Farseer Law: Scaling for Code LLMs

• Farseer Law is a refined scaling framework for code LLMs that models validation loss as a function of model size (N) and training tokens (D) with N-dependent exponents.
• It employs a combination of stretched exponential and power-law coupling to accurately extrapolate loss behaviors from small experiments to full-scale, compute-intensive settings.
• Farseer Law outperforms classical scaling laws like Chinchilla by revealing super-linear data-to-parameter requirements and enabling near-zero loss predictions at high resource regimes.

Farseer Law is a refined, empirically-driven scaling law for LLM training, developed to address limitations in prior scaling law formulations such as Chinchilla in accurately predicting loss as a function of model size and data size across scales and modalities.

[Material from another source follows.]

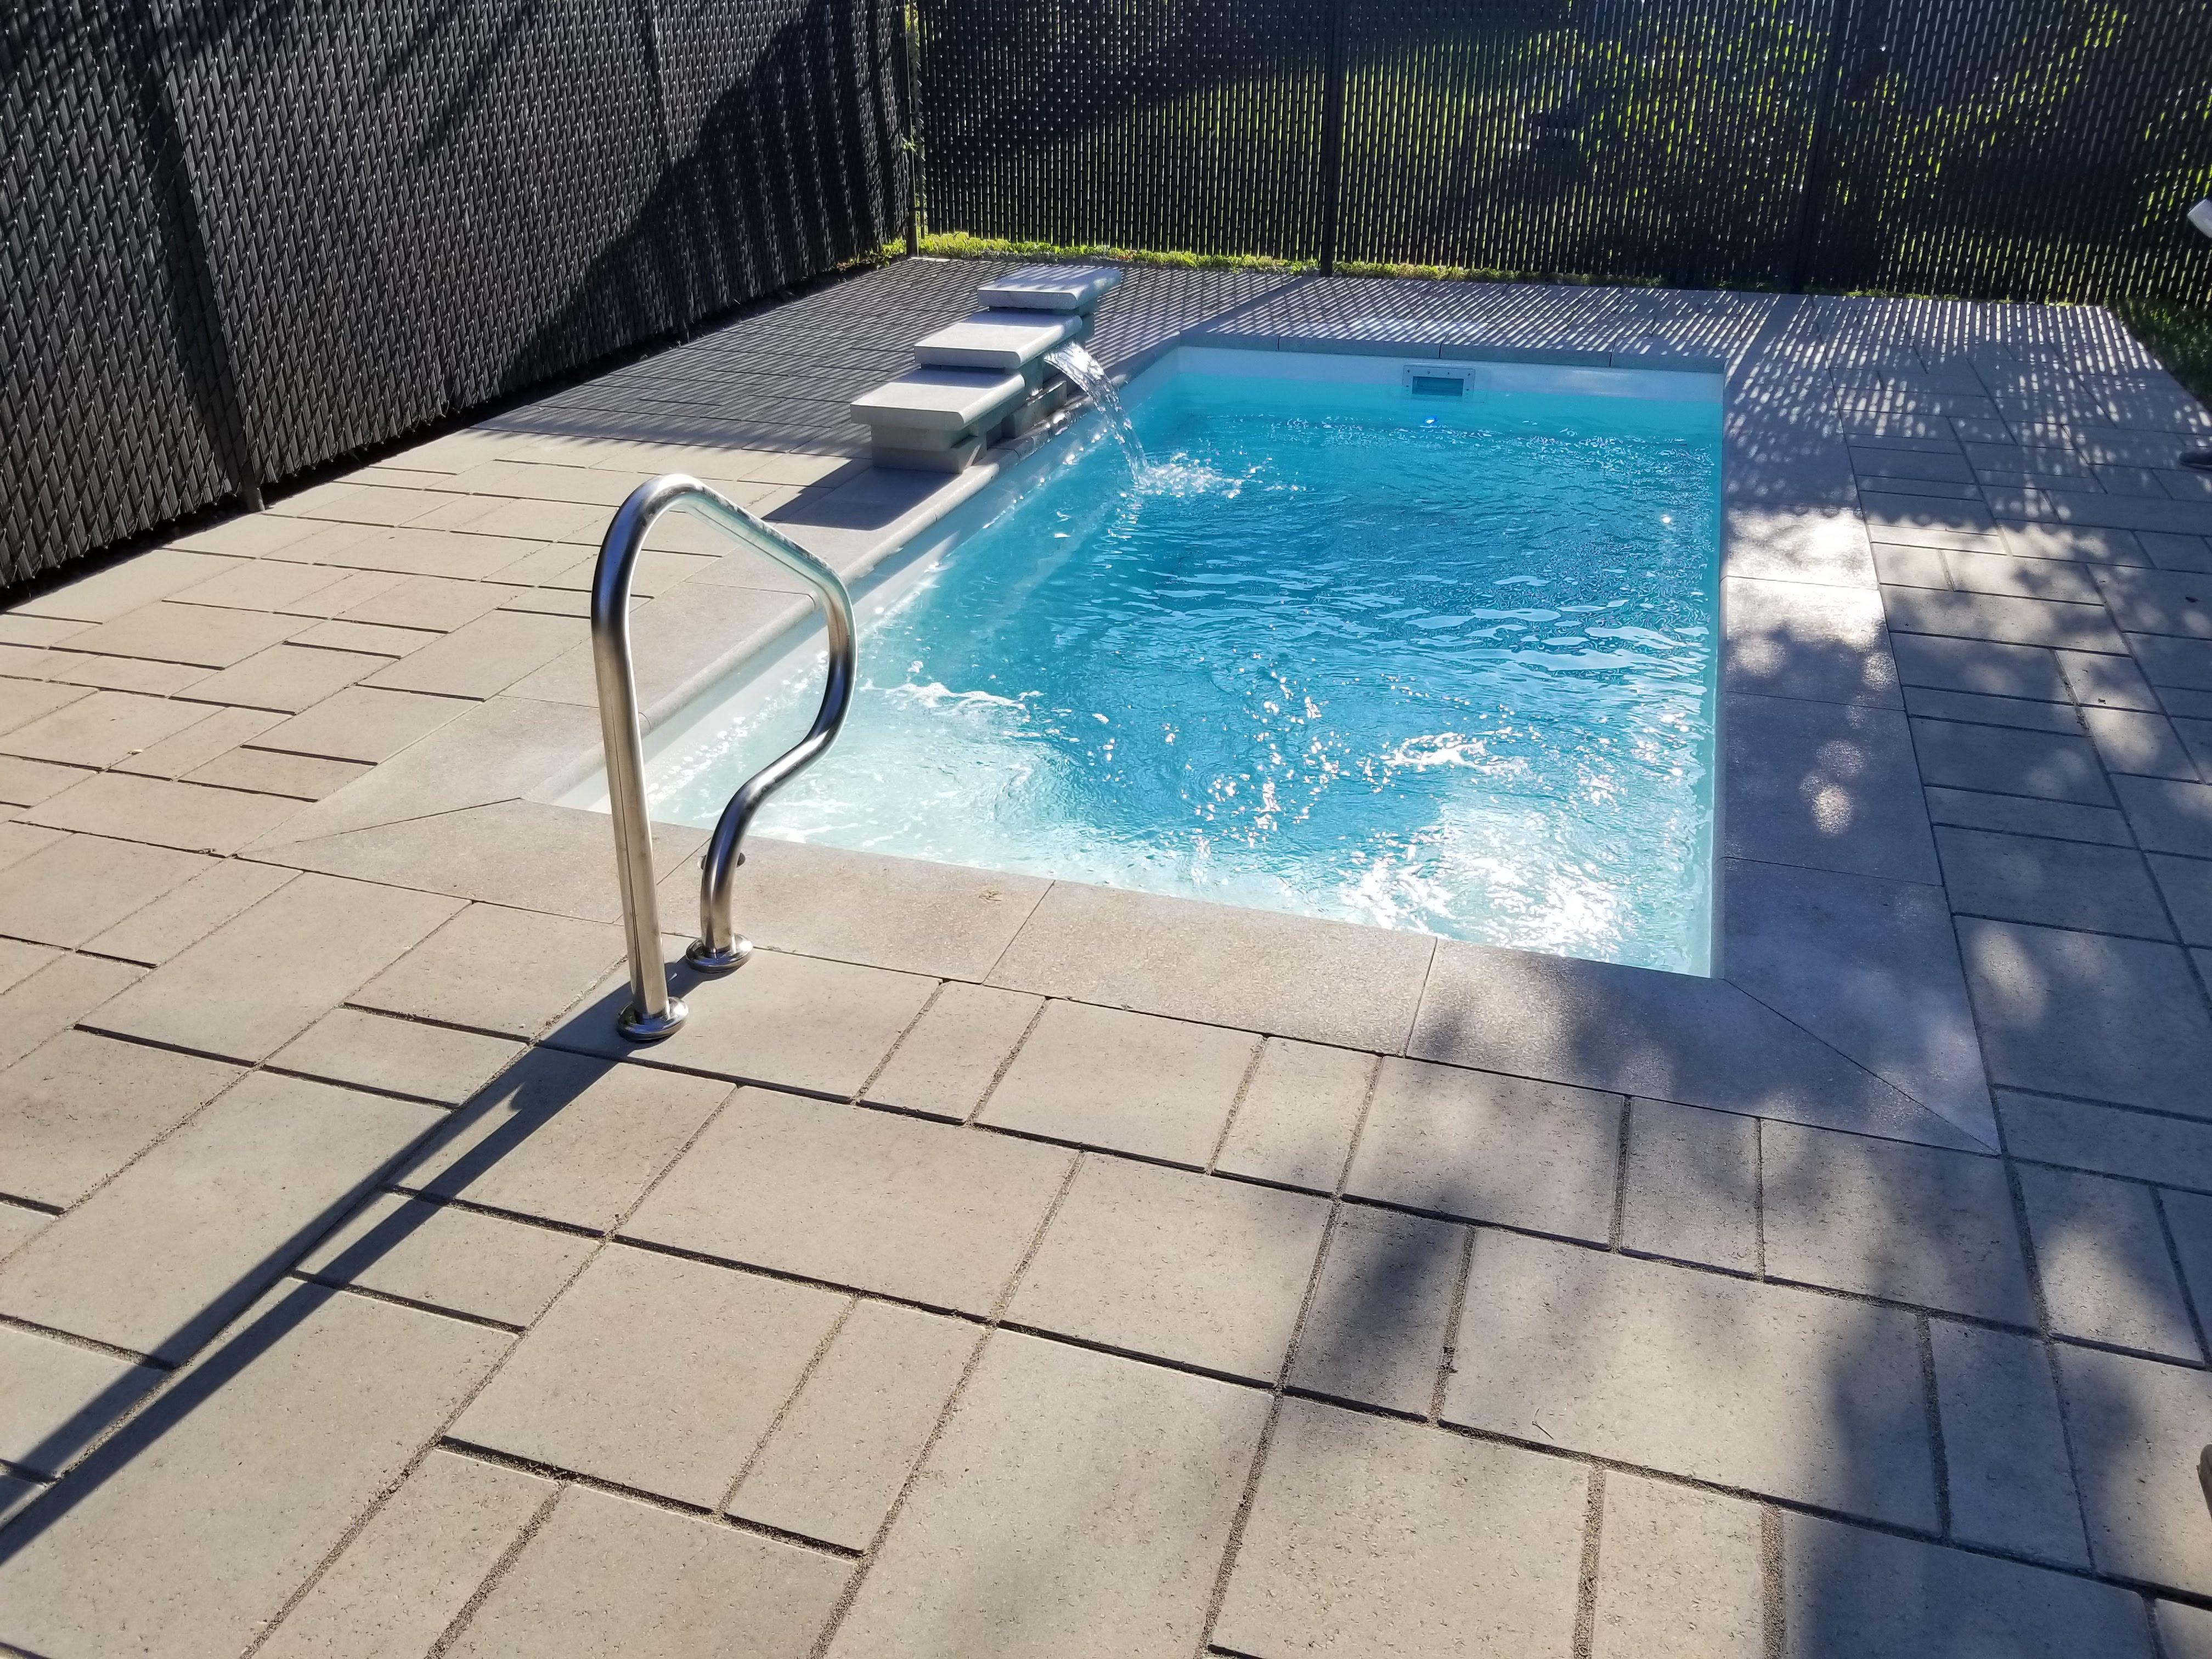 Aménagement piscine creusé, fontaine, cascade d'eau

The law provides substantially enhanced predictive accuracy in extrapolating performance metrics from tractable small-scale experiments to highly resource-intensive production LLM settings, with explicit coupling between parameter count ($N$) and training data token count ($D$). Distinctively, Farseer law's exponents are themselves parameterized as functions of $N$, yielding a flexible model of how loss decays with additional data and scale. It is especially valuable in code modeling, where the data-to-parameter ratio must grow super-linearly and previous scaling heuristics consistently underestimate data requirements.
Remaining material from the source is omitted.